Protein Packed Baked Cottage Cheese Eggs Recipe

Fluffy Baked Cottage Cheese Eggs Recipe for Breakfast

Baked cottage cheese eggs have become a breakfast sensation that evokes protein-packed satisfaction in every single bite.

Mornings feel less rushed when something so nourishing comes together with minimal effort and maximum flavor.

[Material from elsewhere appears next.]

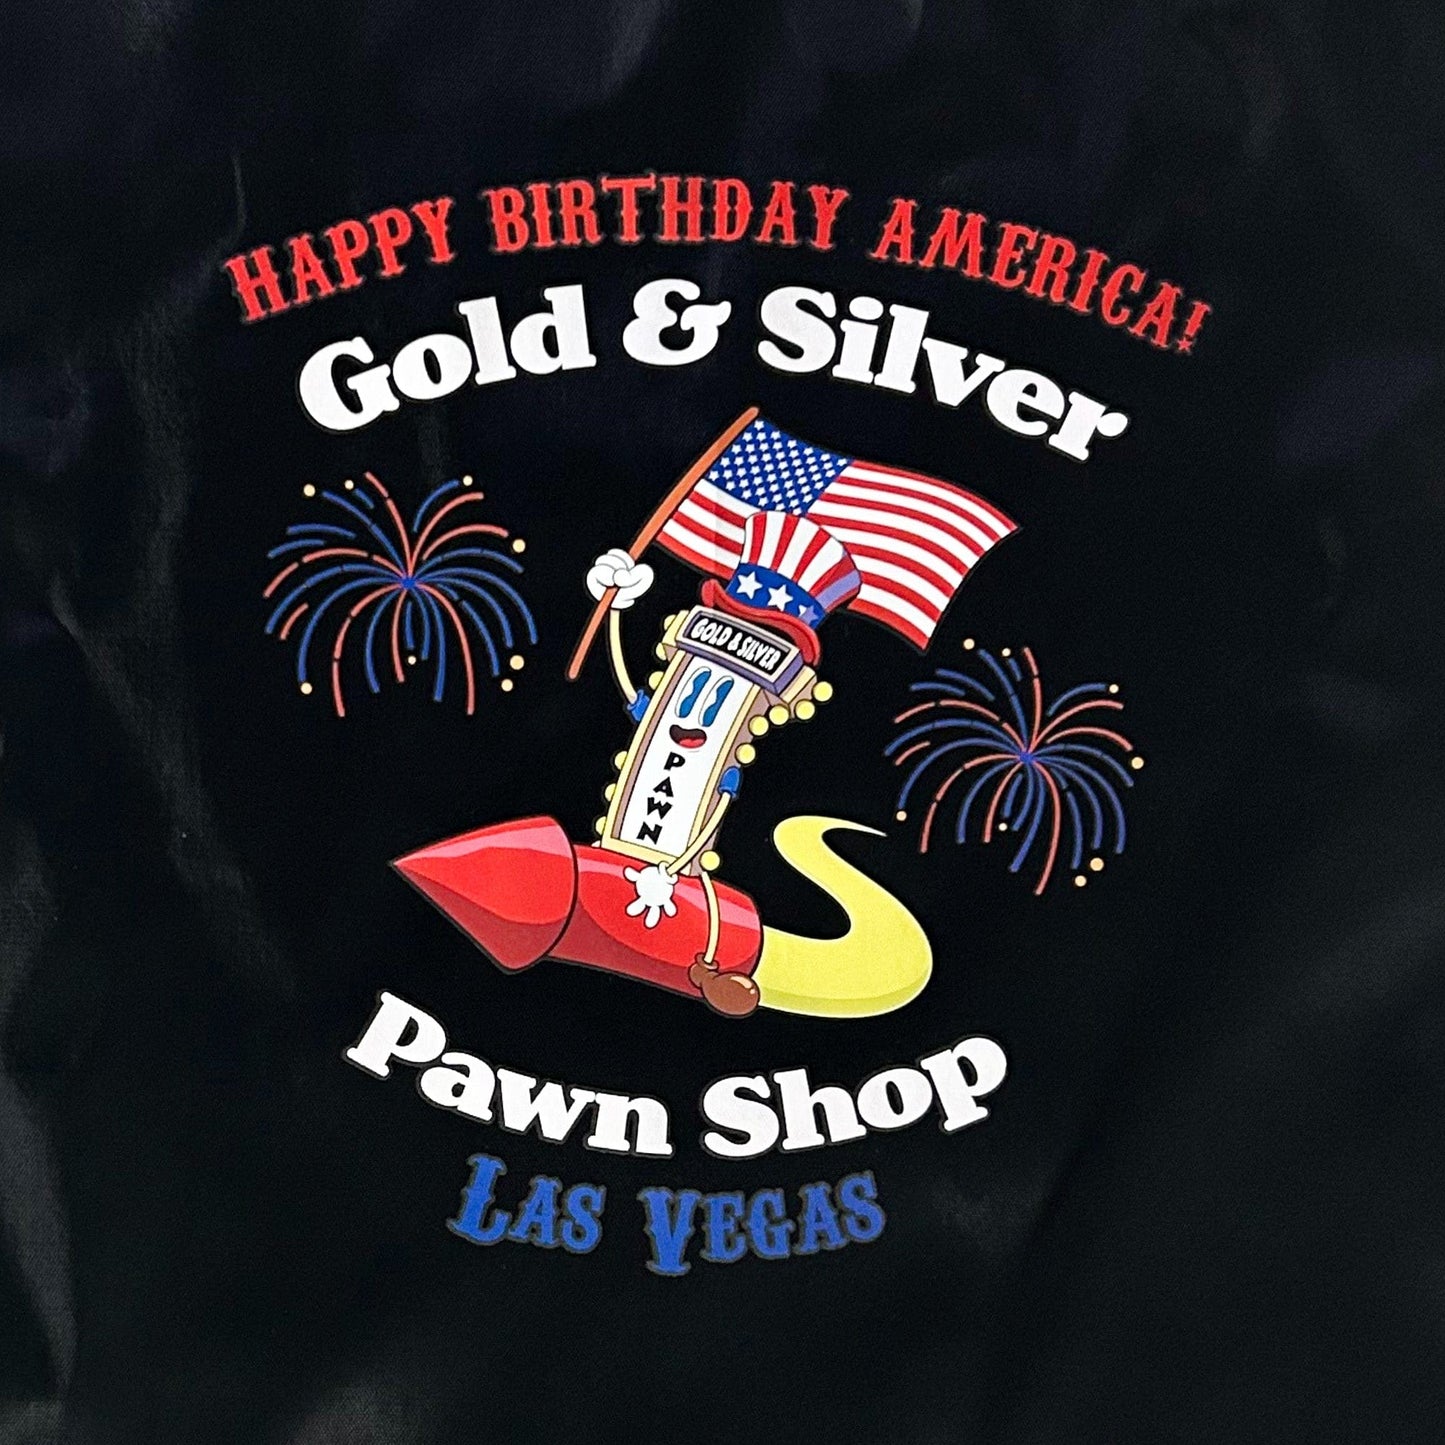 Gold & Silver Pawn Shop 4th of July Drawstring Bag Close View

The creamy texture combined with fluffy results creates a dish that works beautifully for lazy weekends or busy weekdays.

Whether feeding a crowd or meal prepping for the week ahead, the versatility makes it a reliable choice that never disappoints.

Light yet satisfying, it fits seamlessly into various eating styles without feeling restrictive or bland.

The golden-brown finish adds visual appeal that makes any breakfast table look more inviting.

Comfort food doesn't need to be complicated, and sometimes the best meals are the ones that nourish both body and soul.

Once you experience how effortlessly delicious breakfast can be, there's no turning back.

What Makes Baked Cottage Cheese Eggs So Simple

  • Quick Protein Boost: This breakfast delivers a serious protein punch that keeps hunger away, helping kick-start your morning with sustained energy.
  • Super Simple Prep: With just a few ingredients and minimal chopping, anyone can assemble this dish faster than brewing coffee, making breakfast stress-free.
  • Clean Kitchen Bonus: Using one bowl and a baking dish means minimal cleanup, so you can enjoy your meal without dreading a sink full of dishes afterward.
  • Flexible Flavor Canvas: Tossing in different herbs, cheeses, or veggies means you can customize this recipe to match whatever ingredients are hanging out in your refrigerator.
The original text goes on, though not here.